To do:
Except for images, print the whole listing verbatim.

Dataset section:
........
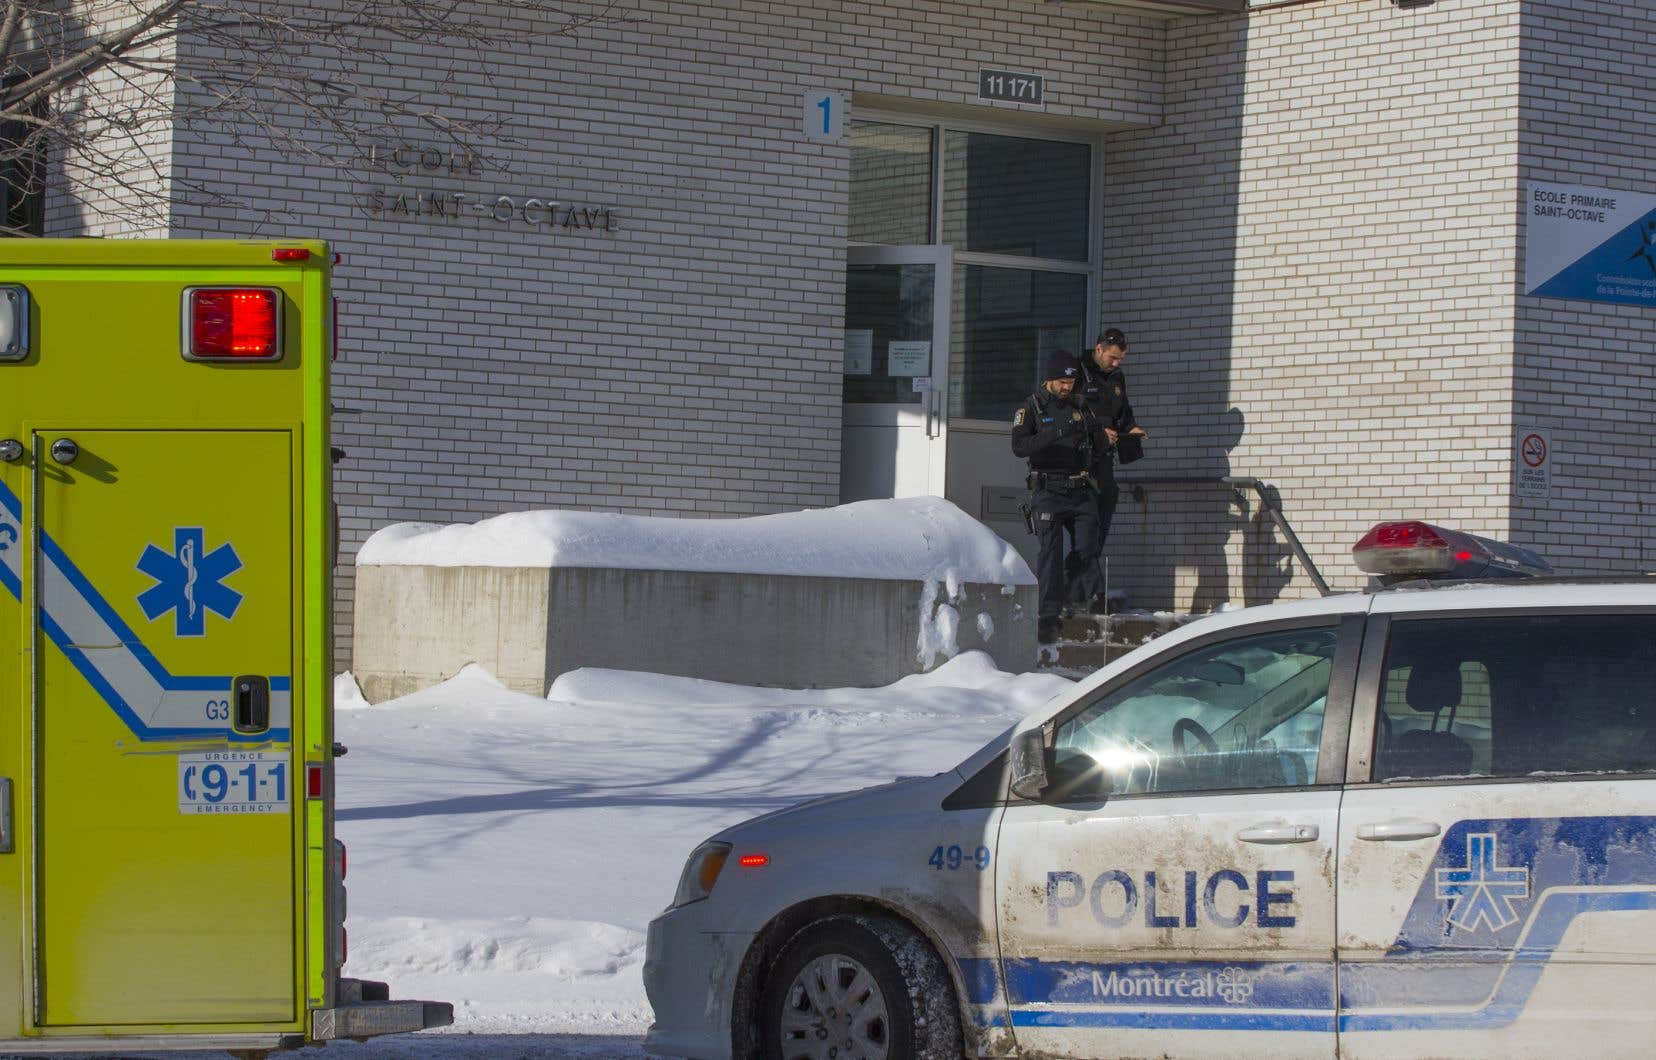 Une vingtaine d'enfants de l'école Saint-Octave se sont plaints de nausées et de maux de tête.
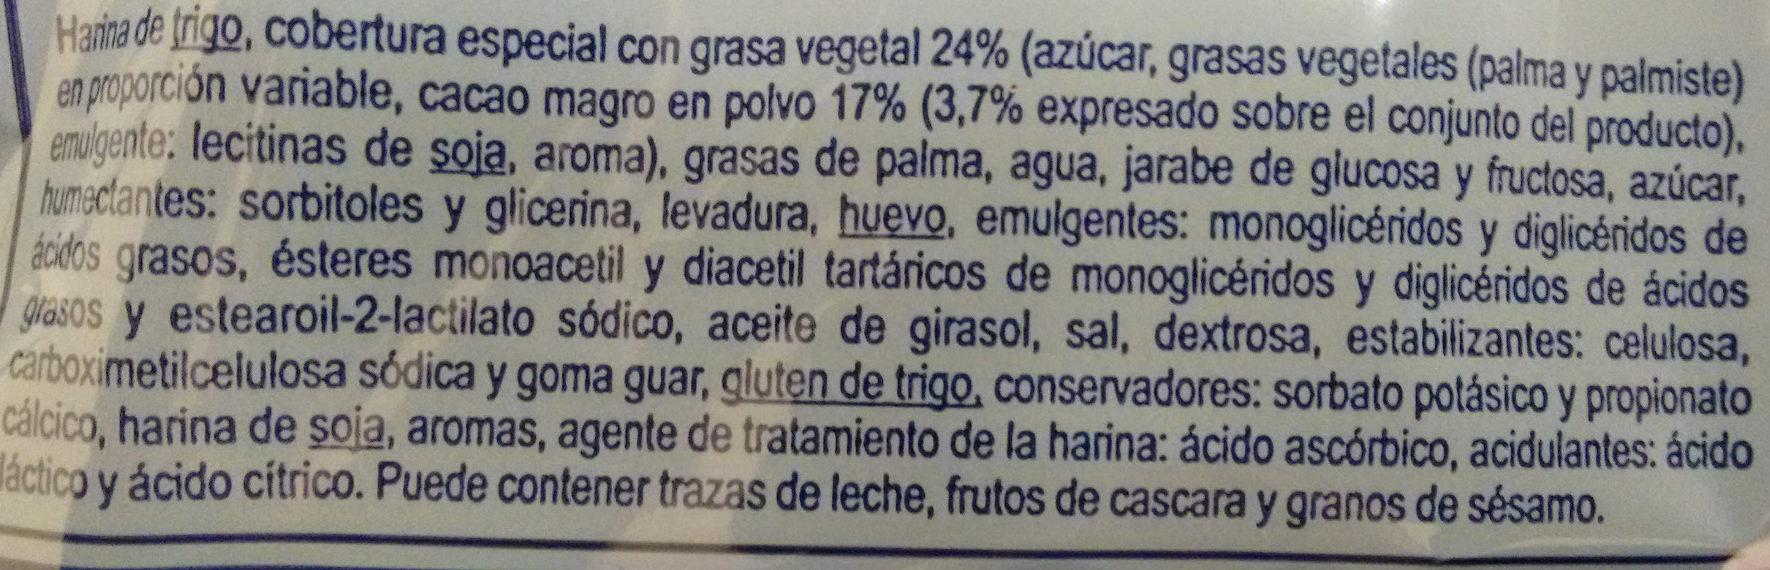 Redondos cacao - Ingrédients - es
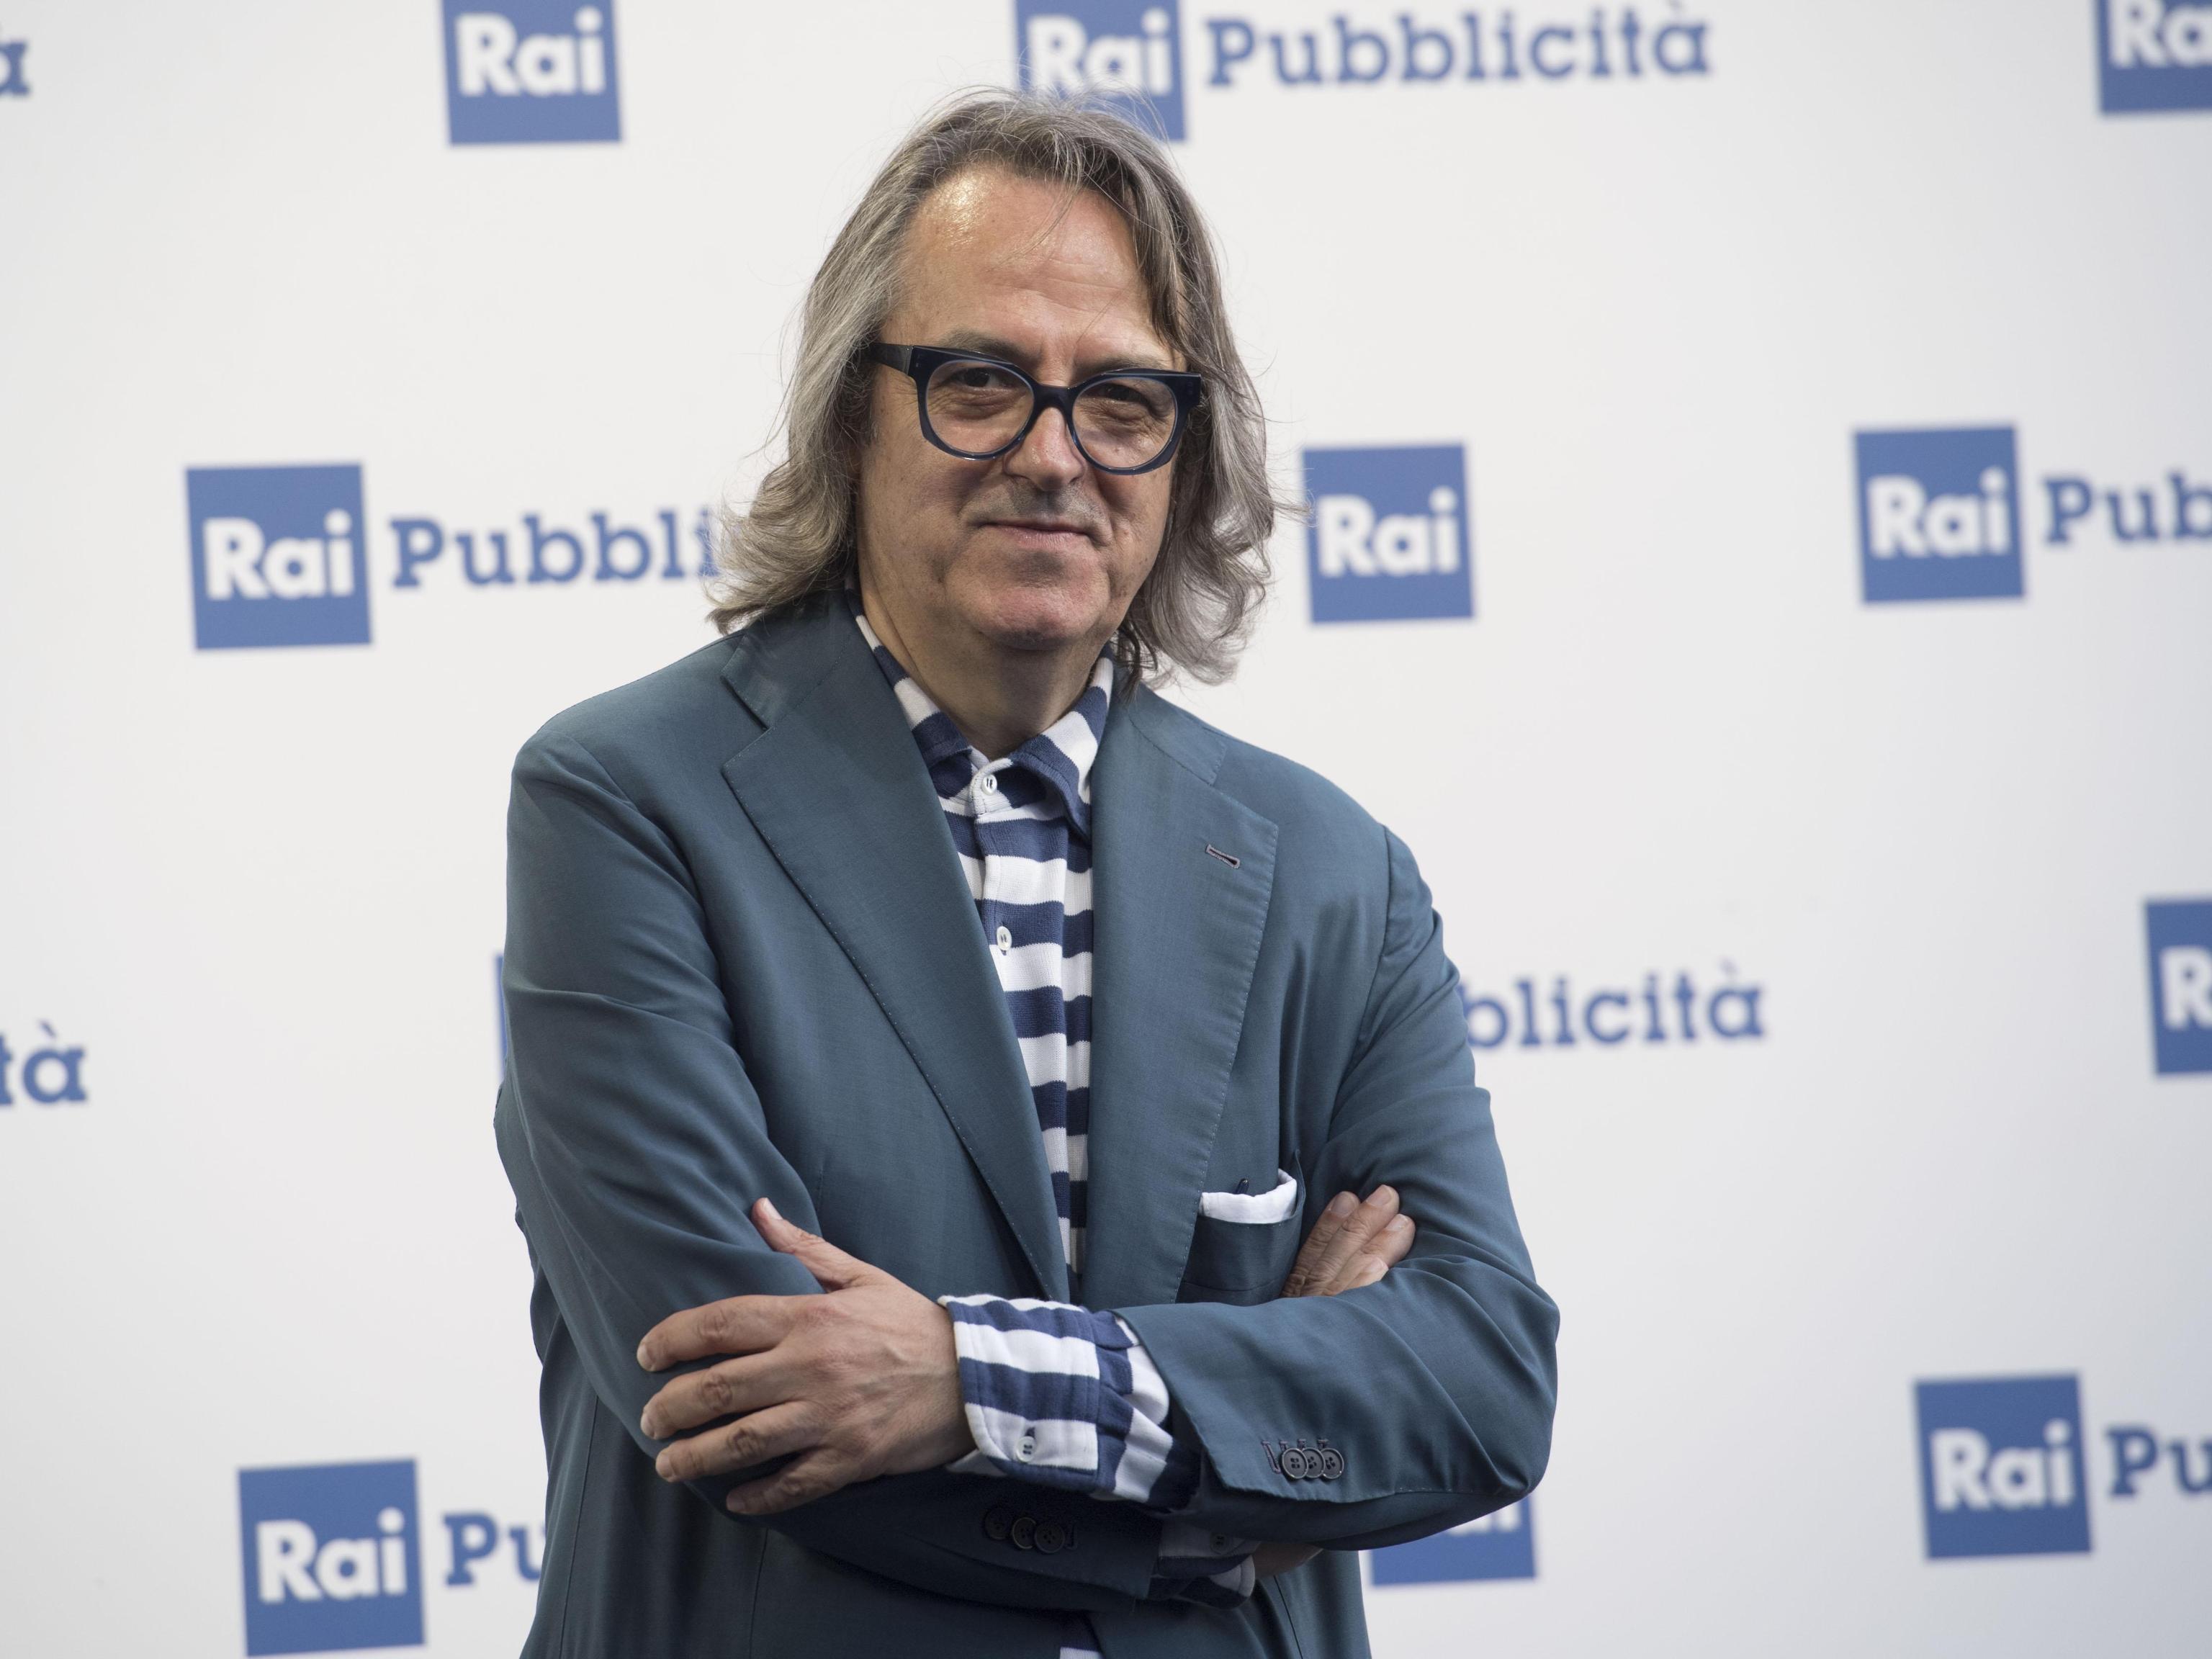 Gigi Marzullo a Vieni da me: 'Ho paura di morire, sono rimasto solo'
........
Your response:
 Une vingtaine d'enfants de l'école Saint-Octave se sont plaints de nausées et de maux de tête.
 Redondos cacao - Ingrédients - es
 Gigi Marzullo a Vieni da me: 'Ho paura di morire, sono rimasto solo'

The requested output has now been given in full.